How exactly such a return interval threshold varies for different hydro-climates remains to be investigated using a global hydro-SMILE. Creating such a global hydro-SMILE for flood analyses requires the combination of a globally downscaled and bias-corrected atmospheric SMILE with a global hydrological model specifically calibrated for flood peaks. Satisfactory calibration for far-from-mean state conditions is challenging using calibration metrics commonly used for large-scale model calibration⁵⁶ and data storage and computational costs are high at a global scale when a large spatial domain is combined with a large ensemble size. In addition, global-scale models may not as accurately represent complex land surface processes as smaller-scale models and appropriate reference datasets for meteorology, soils, and hydrogeology are harder to obtain. Creating such a global hydro-SMILE therefore remains a considerable research effort, but one of substantial importance in a warming climate.

There are two important implications arising from the existence of a return interval threshold above which increases in precipitation directly translate to increases in flood occurrence. First, this threshold existence suggests that previous studies that focused on less extreme floods, which have shown little change or even decreases in annual streamflow maxima or events with return intervals of less than ~20 years^57,58, will likely be unrepresentative of changes in higher-magnitude events. A robust statistical signal is unlikely to arise in most historical datasets shorter than 100 years because the strongest link between increasing extreme precipitation and flood magnitude occurs for rare, high-magnitude events with return intervals exceeding 20–50 years. This result points to an important limitation of observation-only studies, as well as to the critical importance of large modeling ensembles that can yield larger sample sizes for rare, high-magnitude events. Second, our analysis suggests that despite historical uncertainties, large increases in flood magnitude are likely in a warming climate for the very largest events–potentially including those unprecedented in the modern historical record (i.e., events with 200-year RI, Fig. 1). The fact that climate warming may act to decrease the magnitude of more moderate flood events while simultaneously increasing the magnitude of the most extreme events, however, highlights the considerable risk of developing a “false sense of security” based on recent historical experience. These findings therefore have major implications for climate adaptation and flood risk mitigation activities, as well as infrastructure design, in a warming climate.

Ultimately, we suggest that this analysis may help reconcile seemingly conflicting perspectives in the climatological and hydrological literature on flood risk in a warming climate. The apparent “precipitation-flood” paradox – whereby precipitation extremes have increased, but floods have not^5,24 – may in fact be fully resolved by separating flood events by their extremeness. In this sense, both perspectives may ultimately be correct: hydrologic evidence suggesting no consistent increase in recent flood magnitude because of land surface drying and the changing role of snow using observational records of limited length^9,59,60 is physically consistent with climatological arguments pointing to a large increase in the magnitude and frequency of historically rare or unprecedented precipitation events and subsequent flood risk^61,62.

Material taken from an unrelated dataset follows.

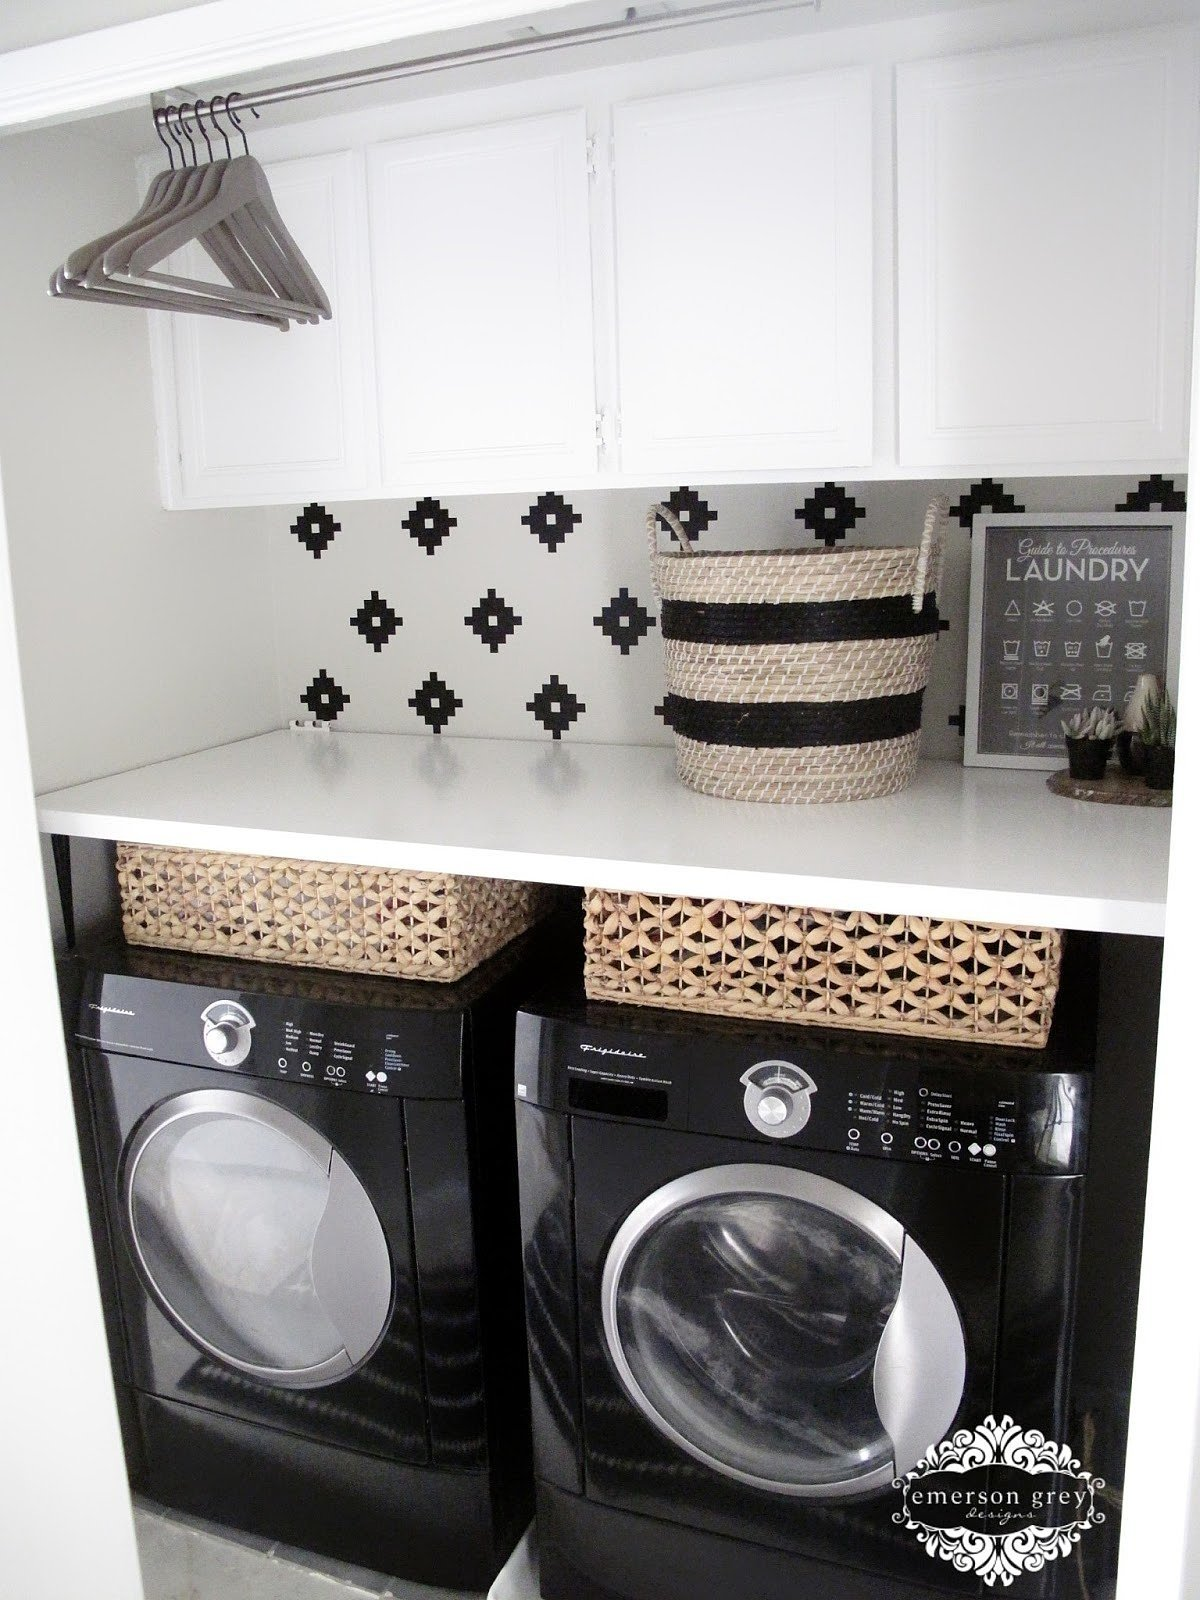 Laundry Room Makeover Ideas | POPSUGAR Home
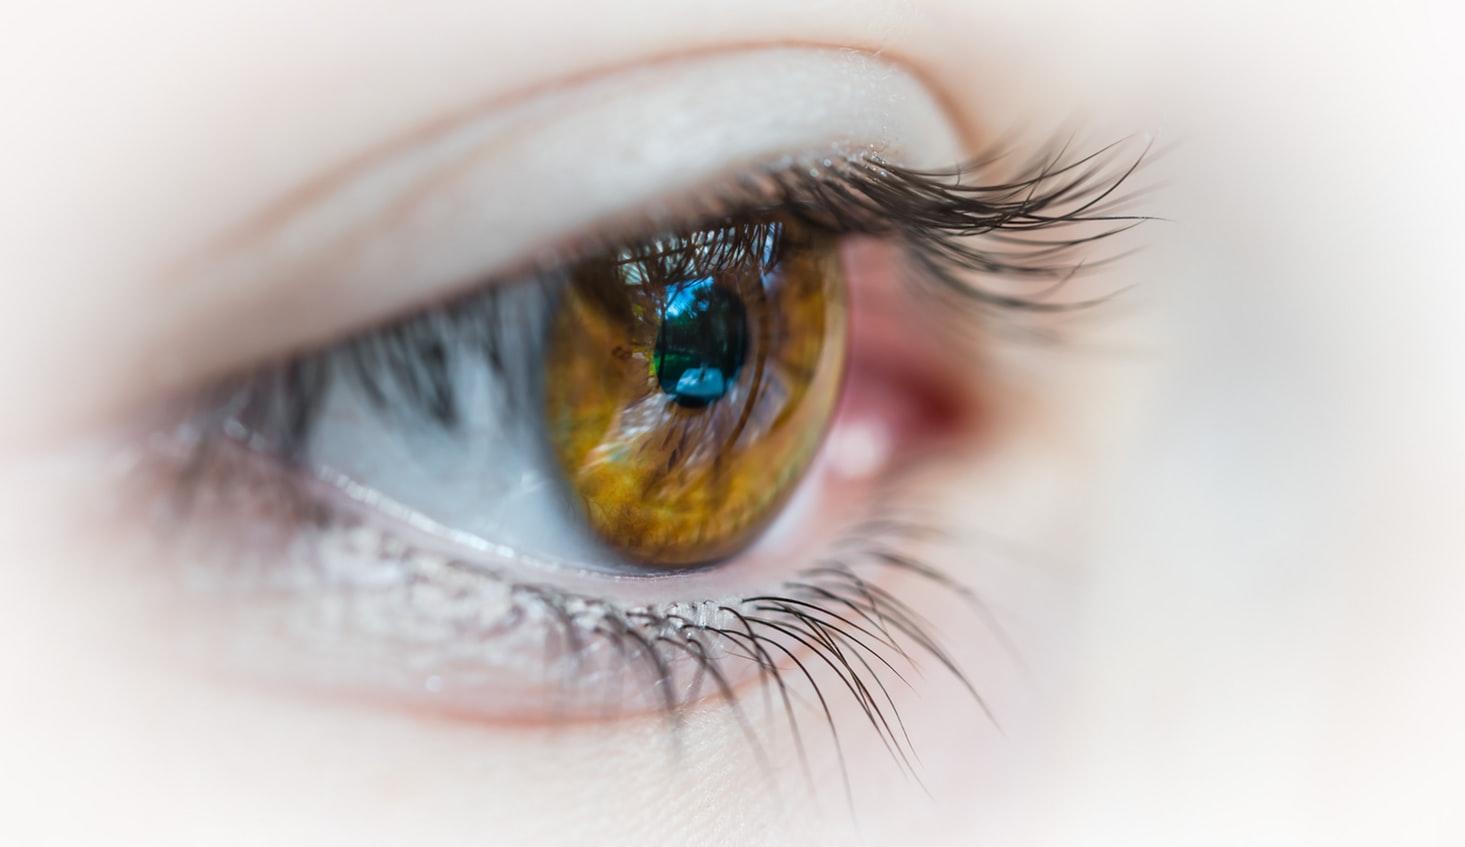 弱视训练仪多少钱一台 | 弱视仪器多少钱一台 | 治疗弱视仪器多少钱 | 弱视治疗仪价格表

Future research aimed at expanding the coverage of the regional hydro-SMILE approach to a wider range of hydrologic and climatological regimes will be critical in confirming the broader generalizability of our findings in the present study, but emerging observational evidence does suggest that threshold behavior in precipitation-flood response is plausible across a wide range of regimes in a warming climate^9,10,25,52. In this work, we confirm that antecedent land surface conditions are indeed critical in modulating more common or moderate flood events, but that precipitation becomes the dominant driver for very extreme events and ultimately overwhelms the effects of soil moisture or snowpack. Finally, we emphasize that the inherent limitations of the historical observational record can be obviated through the use of a climate model large ensemble approach in combination with an advanced hydrological model–a framework that might be useful for more broadly assessing complex and possibly non-linear changes in extreme events in the warming earth system.

Methods

Study region

We study the relationship between extreme precipitation and flood events and its influencing factors in a warming climate for a set of 78 catchments with nearly natural flow conditions in Hydrological Bavaria (Supplementary Figure 1). This region comprises the Main, Danube, and Inn rivers with their major tributaries. This study region is particularly well suited to analyze variations in the precipitation–discharge (P − Q) relationship because the constituent catchments are characterized by diverse topographic and climatic conditions, ranging from a wet alpine region in the south (1700 mm y⁻¹) to a relatively flat and dry foreland to the north (700 mm y⁻¹), and diverse soil types and land uses. The variations in these conditions lead to a wide range of hydrologic regimes, including snow-influenced regimes with flood peaks in spring and summer to primarily rainfall-influenced regimes with the main flood season in winter. While these regime types can be considered representative of the temperate climate zone with similar runoff regimes (pluvial to nival), our catchment selection does not cover other climate zones such as cold-climates, semi-arid to arid regions, and the tropics.

Hydro-SMILE

For this analysis, we use a hydro-SMILE, i.e. hydrological simulations obtained by driving a hydrological model with a Single Model Initial-Condition Large Ensemble (SMILE) climate model. The underlying simulations were originally generated by Willkofer et al.⁴⁰ as part of the ClimEx project⁴¹. The simulations consist of daily streamflow (mm d⁻¹), snow-water-equivalents (SWE, mm), and soil moisture (%) – all of which were obtained by driving the hydrological model WaSiM-ETH⁴² with a 50-member ensemble of high-resolution climate input (spatial: 500 x 500 m², temporal: 3 h). The climate input consists of an ensemble provided through the Canadian Regional Climate Model version 5 nested with the Canadian Earth System Model⁶³ under RCP 8.5⁶⁴ – a ’high-warming’ climate scenario. WaSiM-ETH is a distributed, mainly physically-based hydrological model comprising modules for evapotranspiration, interception, snow accumulation, and melt, glaciers, runoff generation, soil water storage, and discharge routing⁴². The model was set up for 98 catchments in Hydrological Bavaria by Willkofer et al.⁴⁰ using spatial information on elevation, slope, and exposition derived from a digital elevation model for Europe (EU-DEM⁶⁵), land-use derived from the CORINE land cover dataset⁶⁶, soil characteristics derived from the European soil database (ESDB v2.0⁶⁷), and hydro-geology (hydraulic conductivity) derived from the Bavarian hydrogeology map⁶⁸ and the international hydrogeological map of Europe (IHME1500 v1.1.⁶⁹) to define global model parameters (i.e. parameters applied to the 98 catchments) describing evapotranspiration rates, infiltration rates, groundwater fluxes, snowmelt, and glacier dynamics and by calibrating four parameters, i.e. those related to recession and direct flow. These local parameters were calibrated for the period 2004–2010 using the dynamically dimensioned search algorithm⁷⁰ on the observed 3 h discharge of the 98 catchments provided by the Bavarian Environment Agency (Bayerisches Landesamt für Umwelt - LfU⁷¹) and sub-daily observed interpolated meteorological input (i.e. precipitation, temperature, relative humidity, incoming shortwave radiation, and wind speed).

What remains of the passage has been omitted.